Stephen Bradley had come to think that developers were like social media itself: "Ninety-nine per cent of them suck."

"What kind of price range are we talking about?" Bradley asked.

"Ballpark, for this role you're talking a hundred and fifty to two hundred and fifty dollars an hour."

In Silicon Valley, the average engineer's salary is around a hundred and thirty thousand dollars a year, according to a recent analysis by the Brookings Institution -- cheap, when compared with the potential profits. Apple makes more than two million dollars in revenue per employee each year.


you change it in ways you couldn't have expected

Vernon Bogdanor:

A.J.P. Taylor once said that we learn from history not to repeat the old mistakes. So we make new ones instead.

Paul Graham Raven:

Better technology doesn't necessarily mean thinking about what a technology does or how it does it, but about why you wanted the technology in the first place, and what you definitely don't want it to do.

Michael Hobbes:

This is the paradox: When you improve something, you change it in ways you couldn't have expected.

My favorite example of unintended consequences comes, weirdly enough, from the United States. In a speech to a criminology conference, Nancy G. Guerra, the director of the Institute for Global Studies at the University of Delaware, described a project where she held workshops with inner-city Latina teenagers, trying to prevent them from joining gangs. The program worked in that none of the girls committed any violence within six months of the workshops. But by the end of that time, they were all, each and every one, pregnant.

James Kynge:

Chinese children are taught that "diligence is a cash cow and thrift is a gold mine", while adults are warned in one somewhat humorous proverb that "going to bed early to save candles is not economical if the result is twins".


Quebec with more Chinese restaurants

Spy Magazine:

Whenever a traveler from the East Coast announces that he is making a trip to California, he is expected to express revulsion if his business trip takes him to the cultural cesspool of Los Angeles but to leap into paroxysms of ecstasy should his business to him to the shining city on the hill where little cable cars run halfway to the stars. (Should he announce that his business is taking him to San Diego, people will usually tell him to visit the zoo.)
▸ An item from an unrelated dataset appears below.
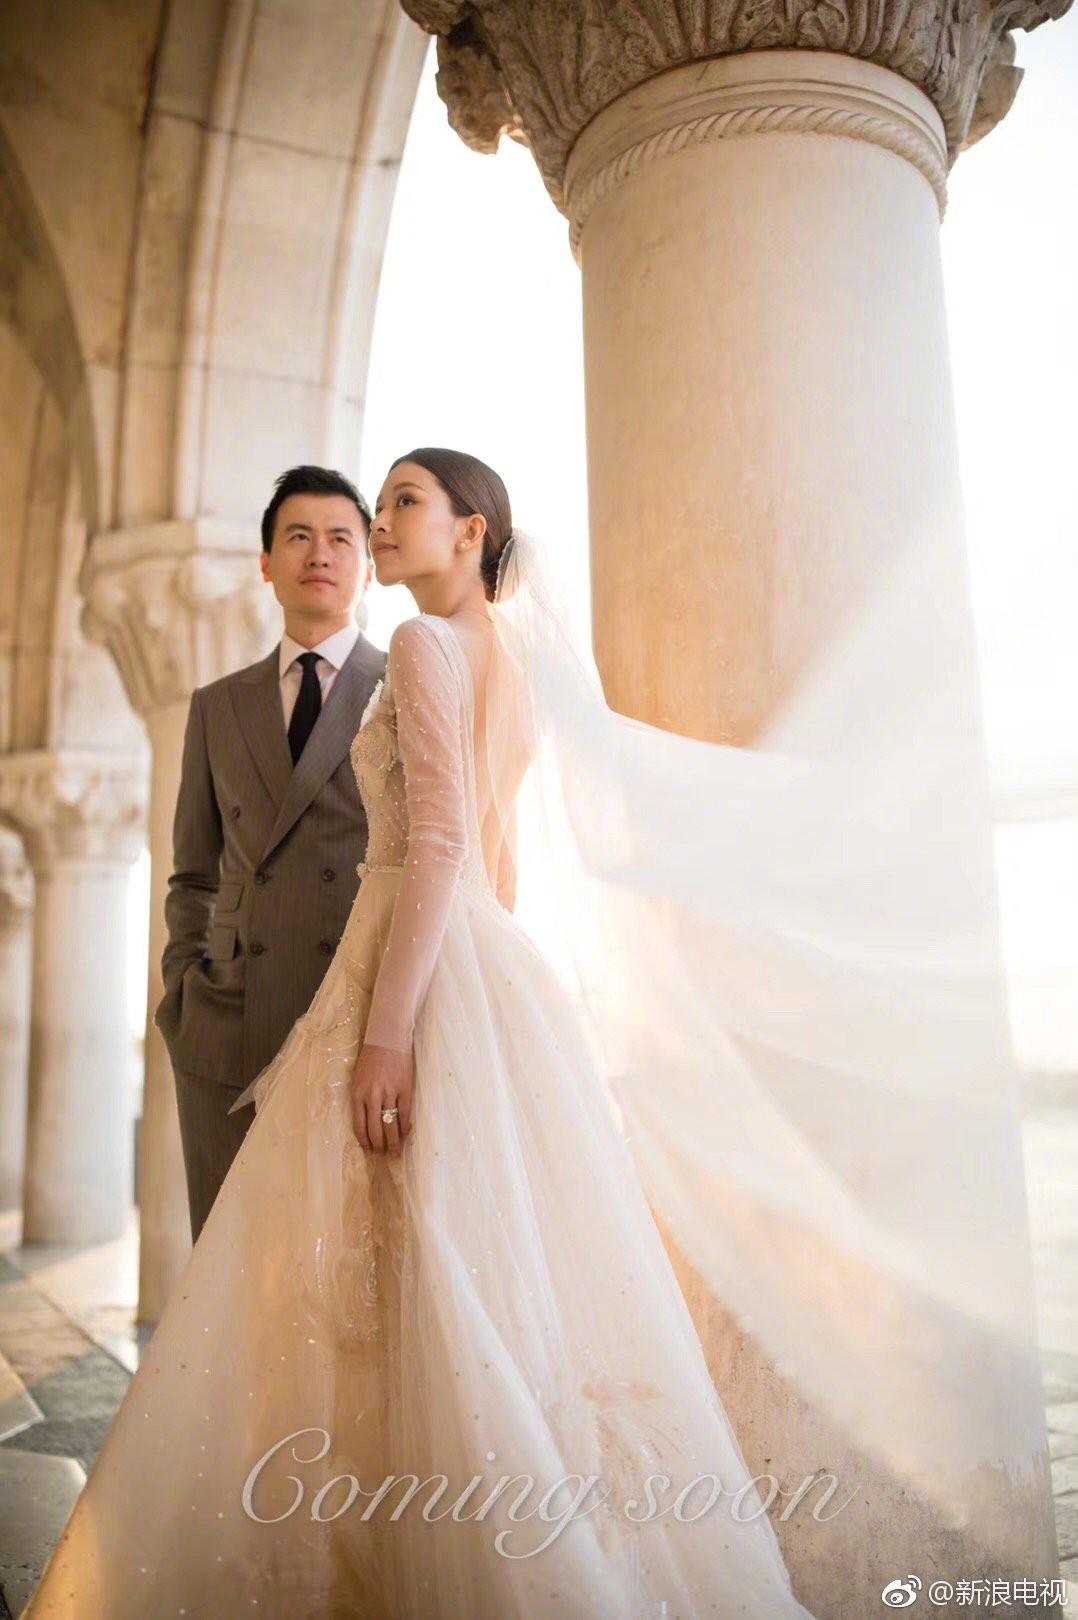 """""""Thần tiên tỷ tỷ"""" lộ ảnh cưới đẹp như cổ tích, chuẩn bị kết hôn với bạn trai giàu có vào tháng 10 năm nay? - Ảnh 7."""

We hold no brief for, nor have any ax to grind against, the burgeoning municipality of San Diego; it certainly has a nice zoo. Yet on the question of San Francisco vs. Los Angeles, we feel compelled to advance a minority view and admit that we generally like LA, while finding San Francisco, a quaint hamlet that has somehow confused itself with Byzantium, has long benefitted from an uninterrupted stream of booster-spawned propaganda that has hornswoggled the American public. Consequently they believe that what is basically a glorified Austin, a slightly less nippy Ann Arbor, a boho Vancouver, a New Hope writ large or a seismically suspect Charlottesville is actually a first-tier municipality, one that can take its place alongside such world-class North American cities as New York, Chicago, Boston, New Orleans, Montreal, and, of course, Los Angeles. Frankly we find this idea quite ludicrous. In our view, San Francisco is Quebec with more Chinese restaurants.

Siobhan Gorman and Adam Entous:

Visiting North Korea, James Clapper said, was "kind of on my bucket list."

TK:

Sweetness is the cancer that is slowly killing Korean cuisine.

A representative at the Jianning Cold Warehouse:

All lamb skewers right now are not real. There aren't any real lamb skewers anymore.

Lan Guijun:

China has such serious food safety issues these days that you need years of experience to buy well: you have to be like an antique collector who can sniff out genuine articles among all the fakes.

Zhao Lu:

I had some stomach convulsions, but I'm OK now. I wouldn't recommend that normal people try this.

Nicola Twilley:

Nearly half of everything that is grown in China rots before it even reaches the retail market.

Americans, too, throw away 40 percent of their food, but nearly half of that waste occurs at the consumer level, meaning in retail locations and at home.